Last year–and again this year–My girlfriend and I started our own Thanksgiving Tree. Before I explain, I want to thank the kids for this more than us. Or perhaps, I should thank her, her kids, and my kids for what it all has taught me.
The idea is simple. You get a very large piece of paper. She calls it butcher paper (check Wikipedia). The paper is big enough to cover the back of a door. Make sure the door is one that is visible during breakfast or any other mutually selected family time.
Lay a six to eight foot high piece of paper on the floor and ask the kids to get their crayons and draw the out line of an autumn tree without any leaves. The trunk, limbs, branches, and twigs. If they want to add a green lawn or a forest floor, encourage them to do so. For creative kids, put the family cat in the tree and the dog barking up after it. If they ask you to help draw; join right in.
Next, cut out a bunch of pieces of paper, 4″ x 6″. Make them in the shape of simple leaves. You can use multi-colored construction paper in any color but black.
Put the leaves in a bucket or basket and leave it by the breakfast table. Add one stick of glue and two magic markers.
At breakfast, pass out a leaf to everyone at the table. Take turns with the markers and write something on the leaf for which you are thankful; Moms, Dads, bananas, time, pillows, sunshine, Transformers, baseball, or anything that comes to mind. Just one item per leaf.
Turn over your leaf and apply glue. Stick your leaf on the tree.
The idea is so incredibly simple and so incredibly powerful. Our six year-old boy had begun to make lists on his leaves. He came to me with a sad face and said he was running out of things to be thankful for.
I said, “Well, the purpose of the tree is to help us think about the small things in life that escape our attention everyday. If I want to butter my toast, I’m going to be thankful for butter, the butter dish, the knife, the toaster, electricity, the cow, the hay that fed the cow and a whole lot more.

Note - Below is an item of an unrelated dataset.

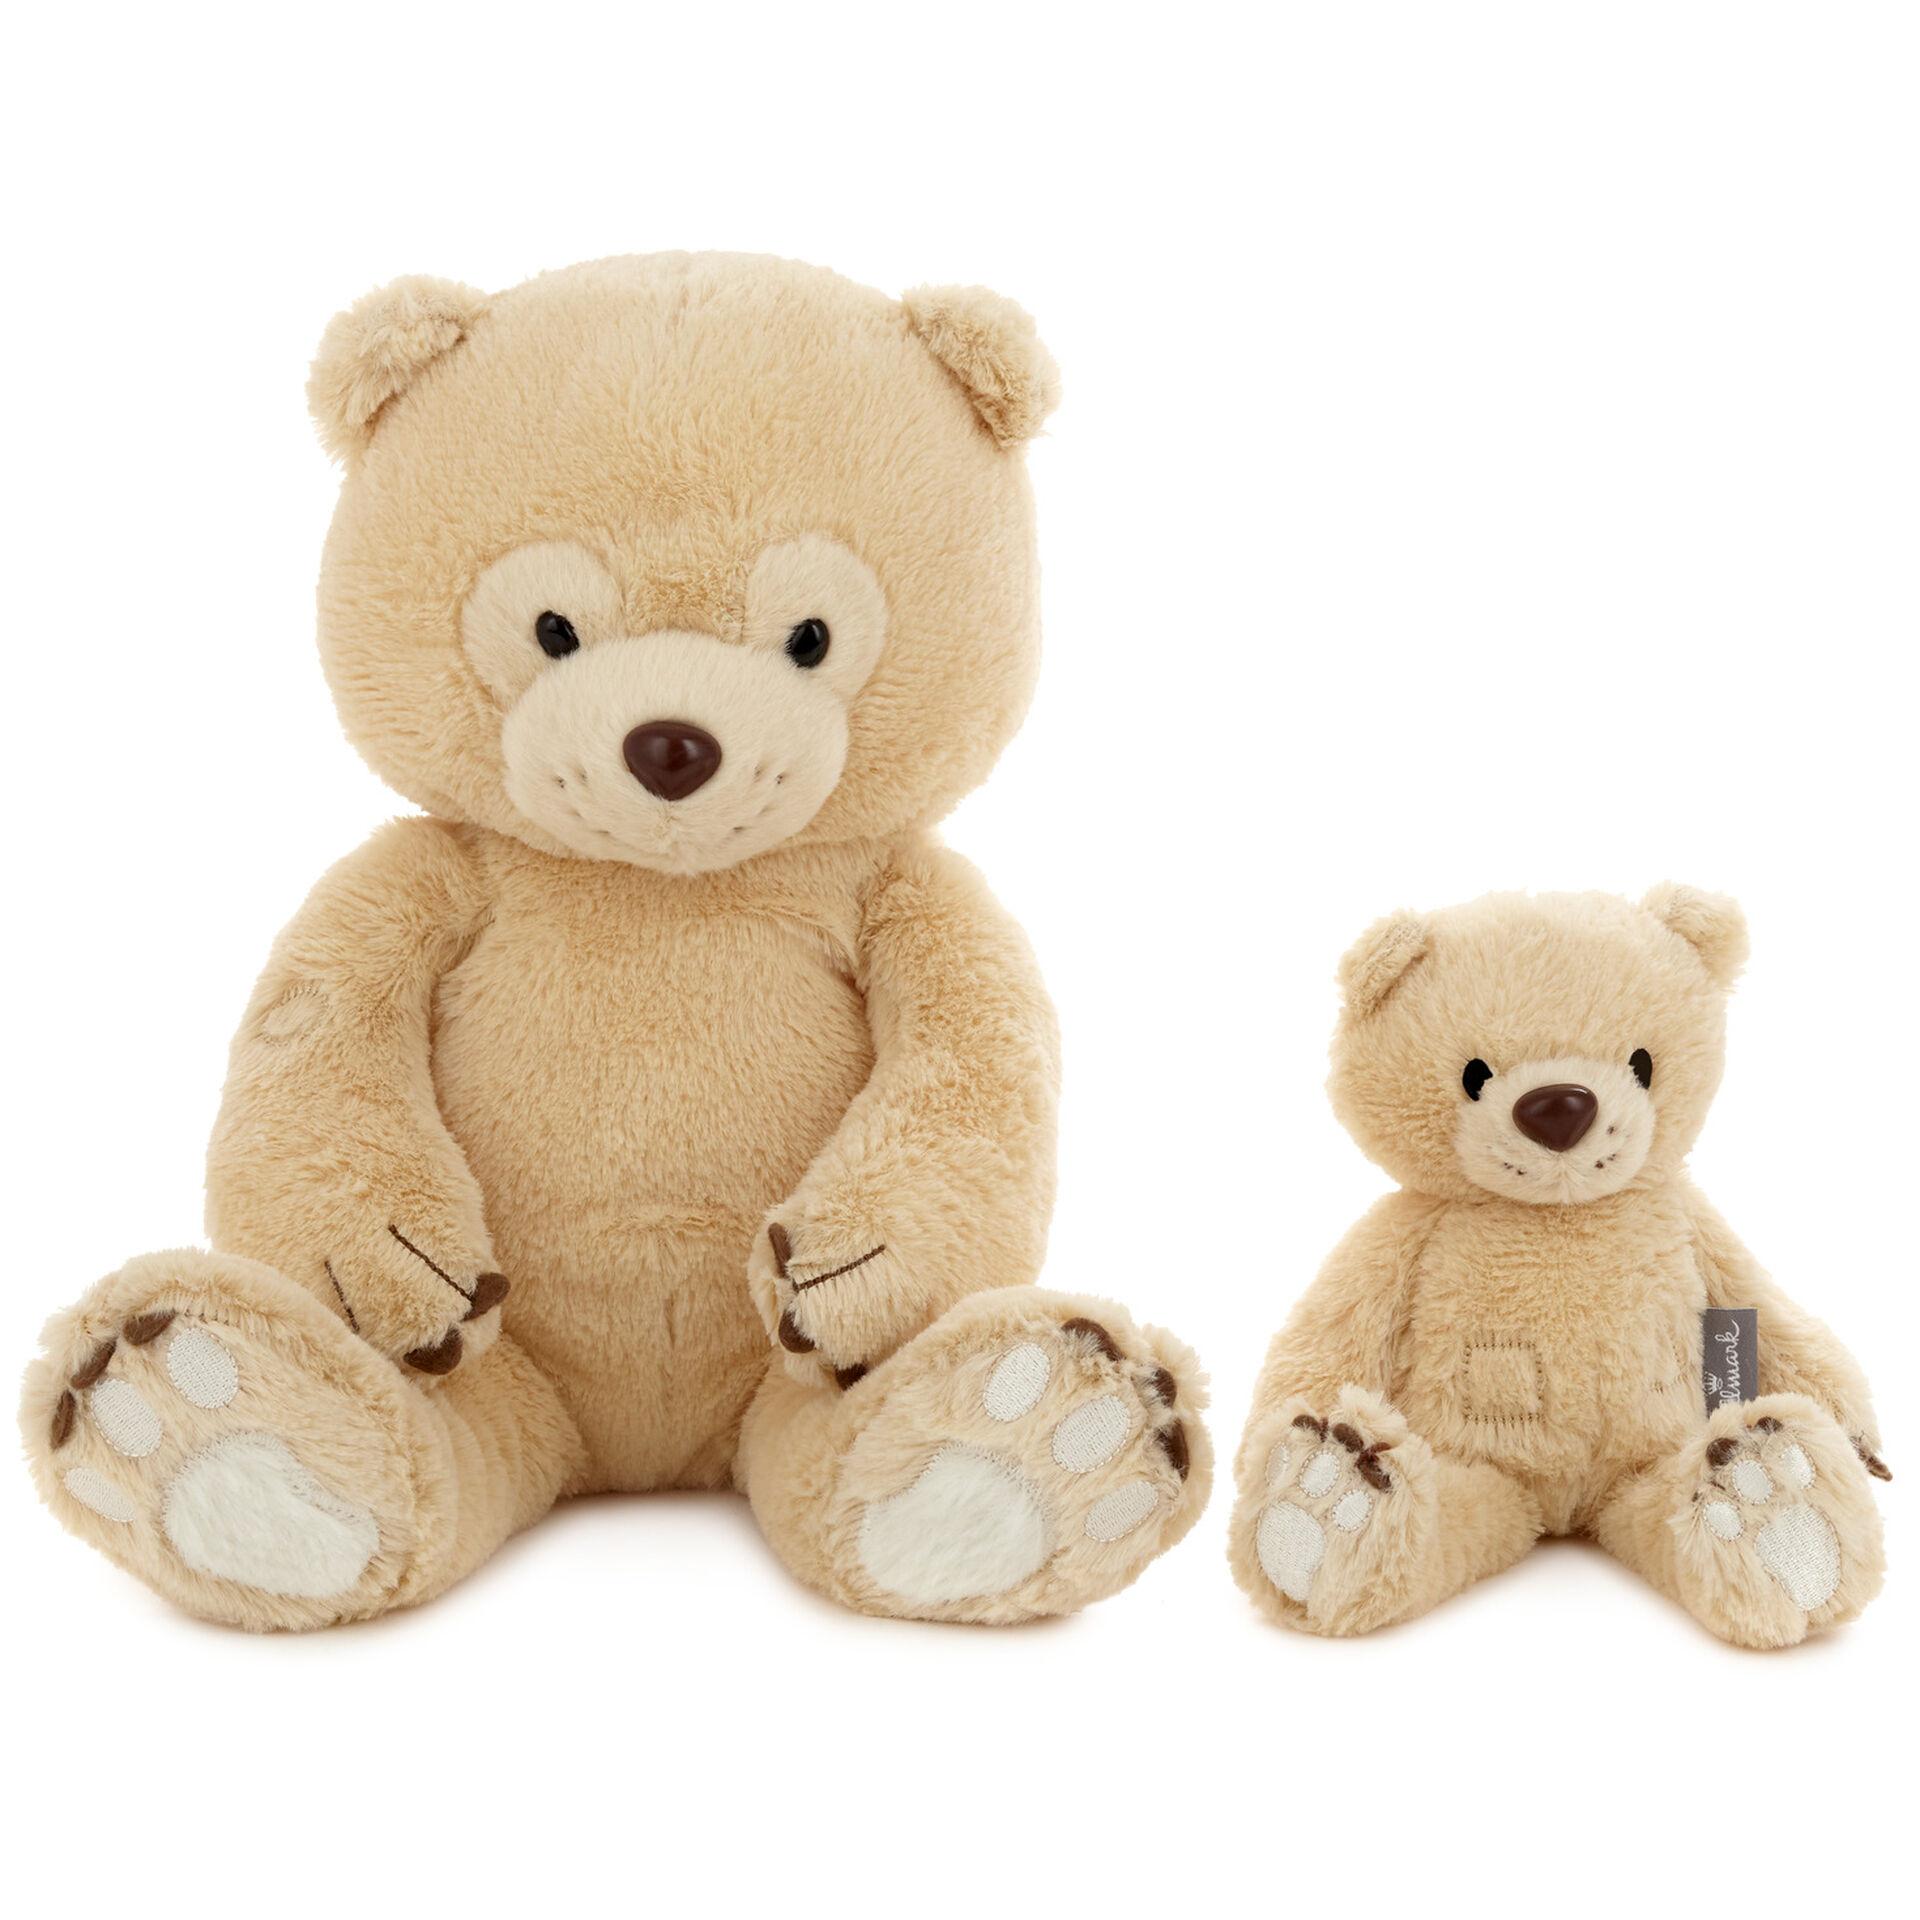 Big Bear And Little Bear Stuffed Animals 10 Classic Stuffed Animals Hallmark

“Our lists of things for which to be thankful never have to end. We just have to figure out where they start. And–usually–they start right now; right here.”
Well, as six year olds go, I was thankful he sat through that lecture. I was thankful that he may have almost understood the profound message that I just managed to utter. Then, I was thankful that this kid was far smarter than I am and he might have understood my simple message far more deeply and profoundly than I will ever realize.
Thank the Pilgrims for Thanksgiving. Or, whoever had the bright idea to legislate a Holiday whose concept is thankfulness. Nobody gets a gift. We’re all just thankful to have each other.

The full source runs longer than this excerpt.